Cry havoc! And let slip the pigs of war!
In light of some recent discussion about a slippery slope and how overblown the possibilities are…

I am wondering what else will be off the table. I assume this is about bad guys taking slaves or the world being baked due to environmental damage? I mean can fiends drag people to hell and servitude? I am curious about where their line is going to be.

Are we wanting to play in a rough world of adventure? I guess heists are ok as long as we don’t kill the dungeon denizens?

I will take the suggestion upthread: why not homebrew? I have some good stuff but many people don’t want to take the time or simply don’t have the time to build it all from scratch. Or they are not great at it…and want something polished and ready.

I am glad to have the 5e rules but suspect future purchases will be rarer and third party stuff will become more of a likelihood for me.
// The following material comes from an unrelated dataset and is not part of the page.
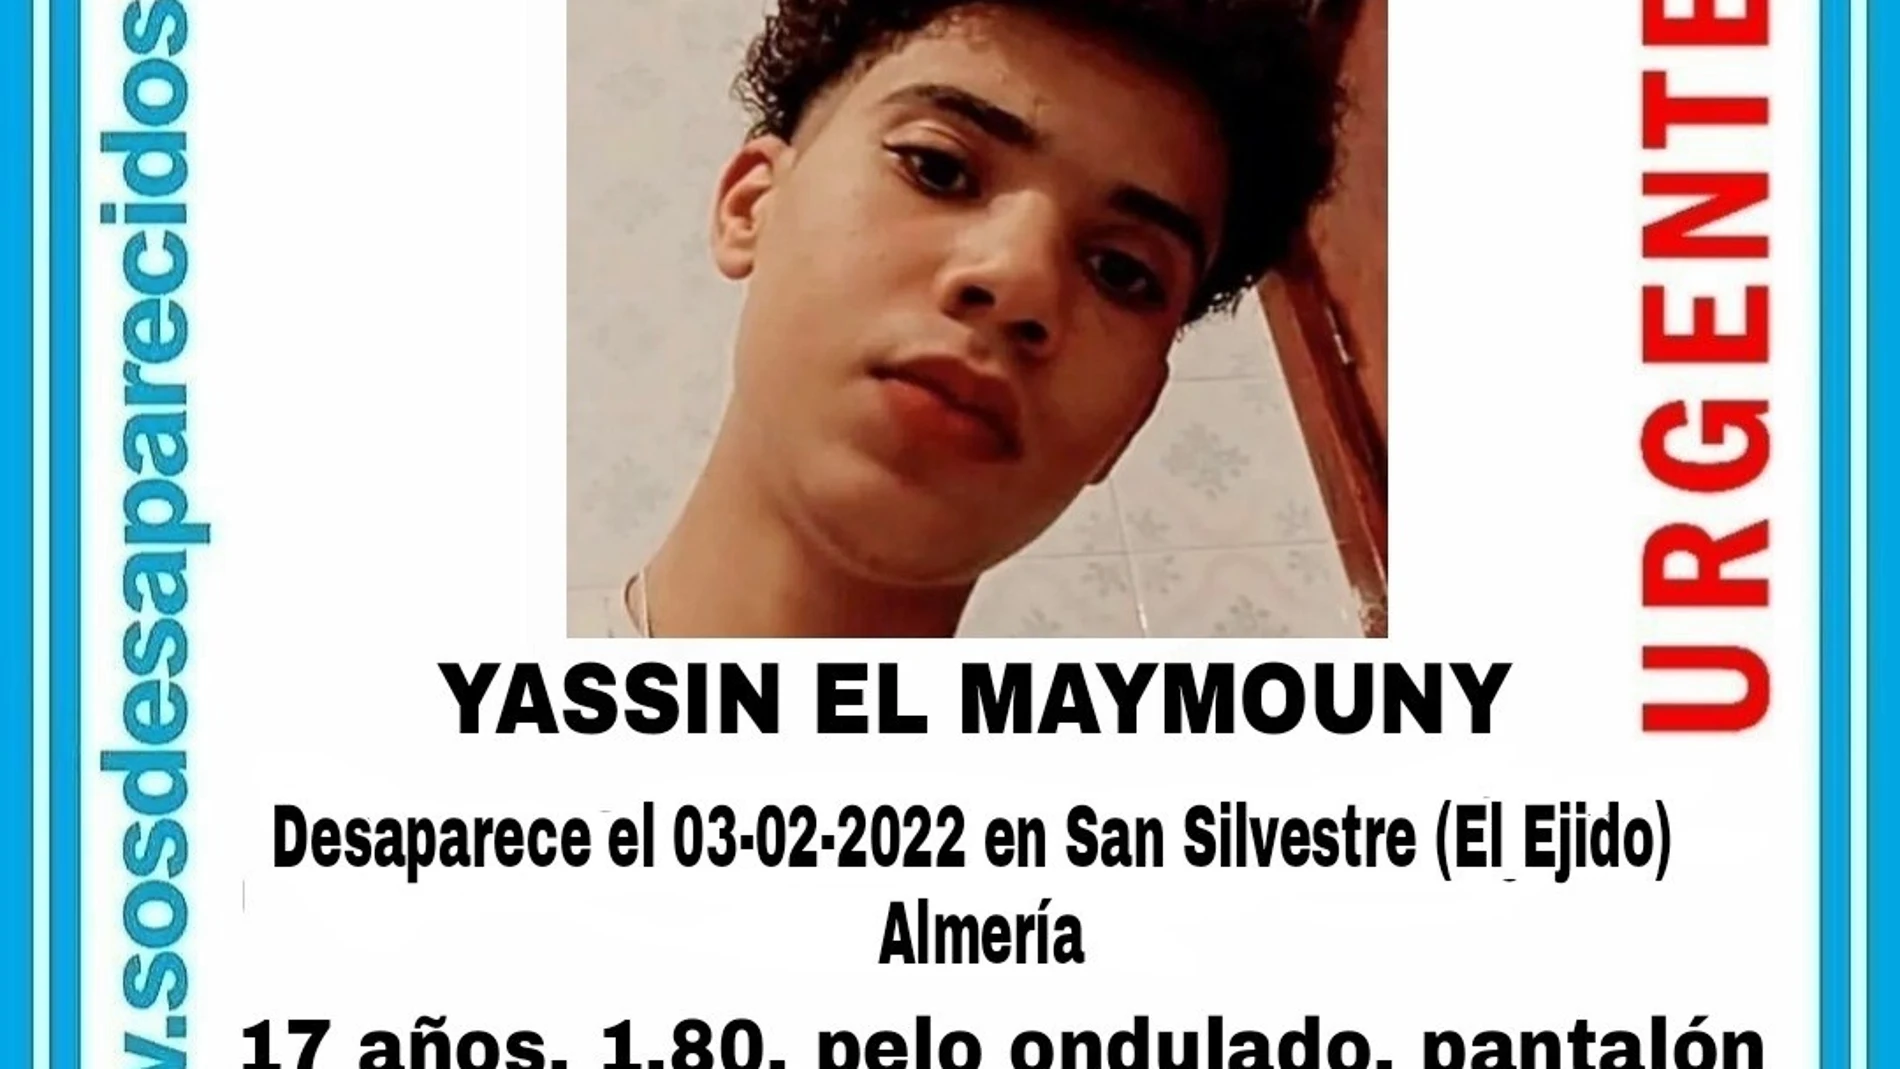 Cartel de la desaparición del menor de 17 años en El Ejido. SOS DESAPARECIDO

A lot of this is disappointing to me as a fan and consumer.
 

If they took away all the 'not good in 2023' things from Dark Sun would there be enough cool stuff left to make it unique.
if they made a similar thing to Spelljammer (with a better adventure), and then left it to GMsGuild to do the rest.
 

I see the possible solution is a sourcebook about the crunch part, without lore, and a module working as a spin-off of the original setting. Maybe a group of defilers discovered, explored and conquered a zone, a demiplane, but by fault of their infight they almost destroy themself. Then a group of renegage githyankis, who broke links with Vlaakith, conquer the zone, and all around the planet of Arthas. the "Crimson-sphere" is their. This "astral empire" discovers other "demielemental" demiplanes within the elemental limbo created/conquered and ruled by (other) sorcerer-kings.

Maybe the sorcerer-kings from Athas are "dark lords", and the "Tablelands" are a variant of dark realms(Ravenloft). It was not created by the Dark Powers, but more like a secondary effect of chronomancers altering the timeline to avoid distopian futures or to fix some time paradox.
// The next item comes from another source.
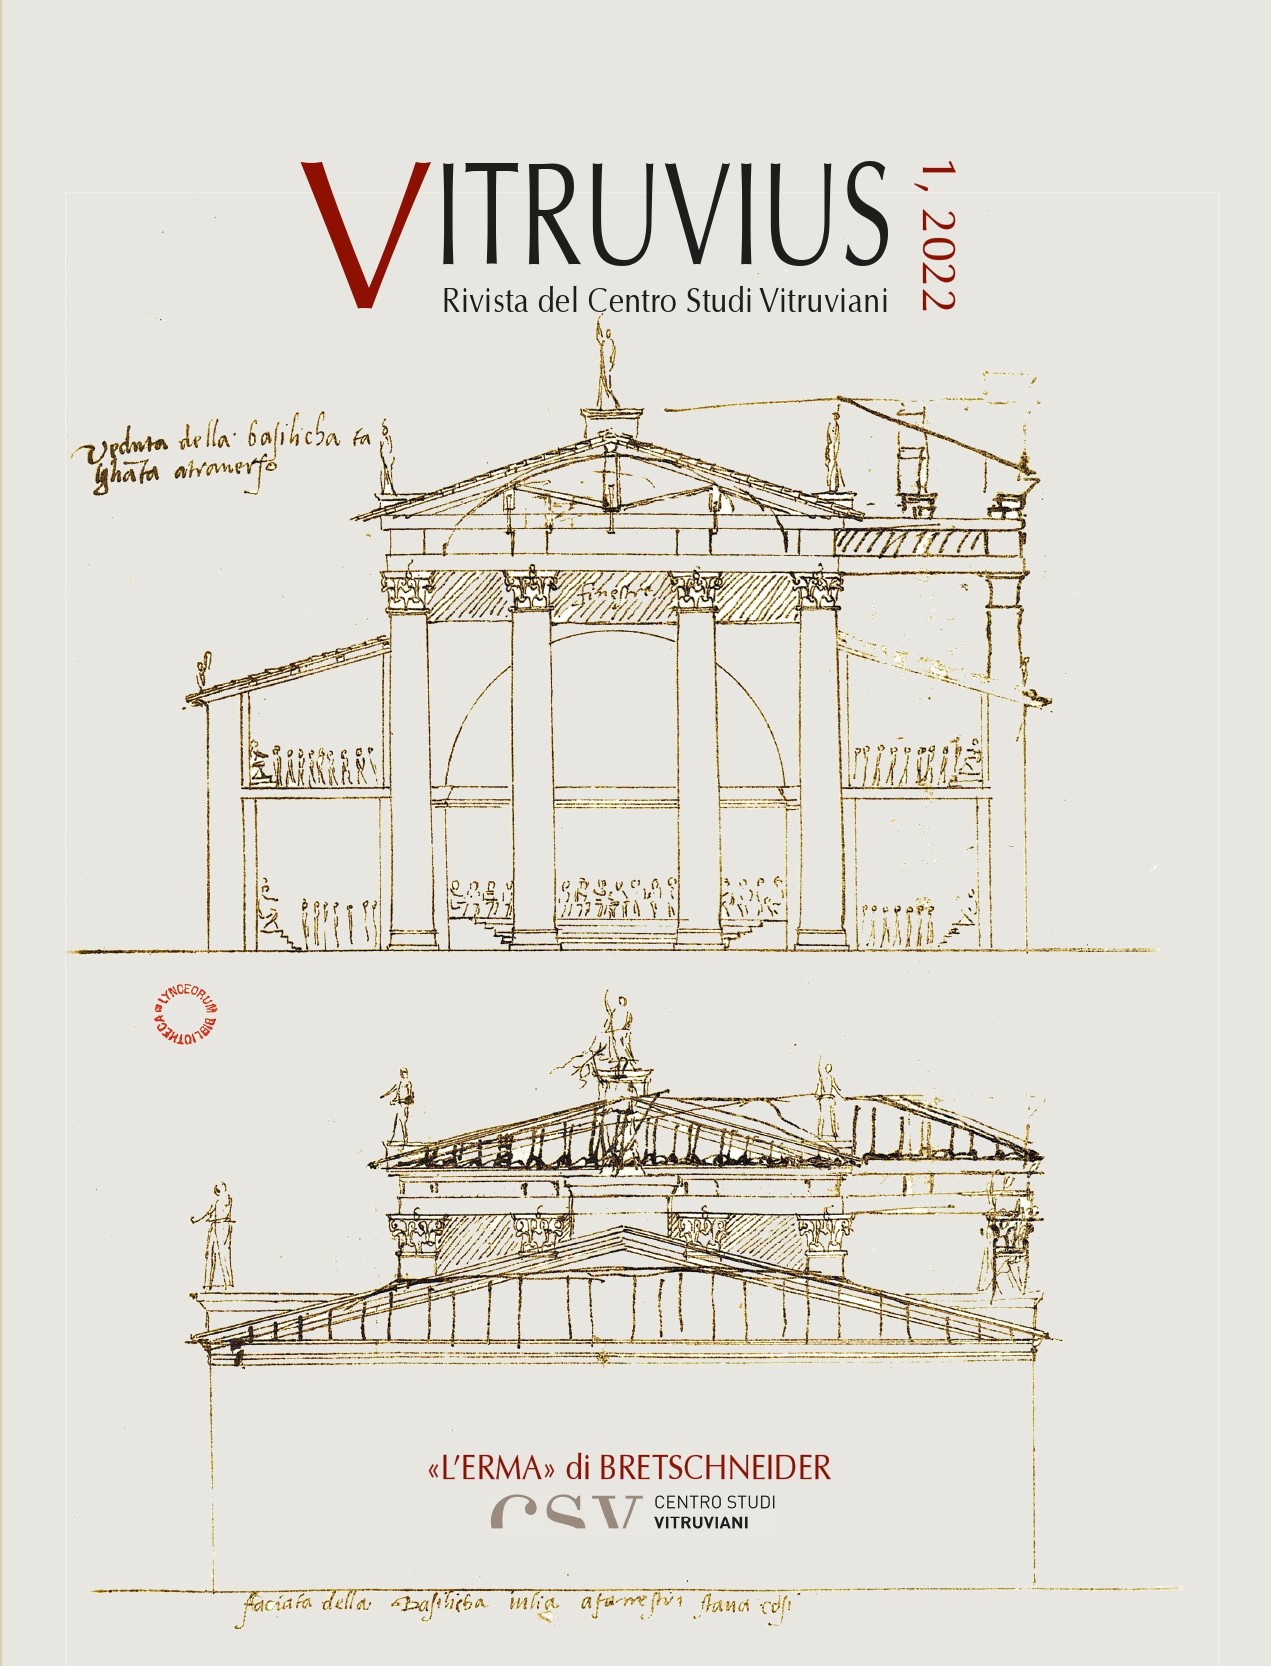 VITRUVIUS, rivista del Centro Studi Vitruviani

Or WotC can create a special label for titles style "Book of Vile Darkness".
 

James Gasik

We don't talk about Pun-Pun
Supporter
I see the possible solution is a sourcebook about the crunch part, without lore, and a module working as a spin-off of the original setting. Maybe a group of defilers discovered, explored and conquered a zone, a demiplane, but by fault of their infight they almost destroy themself. Then a group of renegage githyankis, who broke links with Vlaakith, conquer the zone, and all around the planet of Arthas. the "Crimson-sphere" is their. This "astral empire" discovers other "demielemental" demiplanes within the elemental limbo created/conquered and ruled by (other) sorcerer-kings.

Maybe the sorcerer-kings from Athas are "dark lords", and the "Tablelands" are a variant of dark realms(Ravenloft). It was not created by the Dark Powers, but more like a secondary effect of chronomancers altering the timeline to avoid distopian futures or to fix some time paradox.

Or WotC can create a special label for titles style "Book of Vile Darkness".
There was, at one time, a Domain of Dread that resembled Athas..ah yes, Kalidnay.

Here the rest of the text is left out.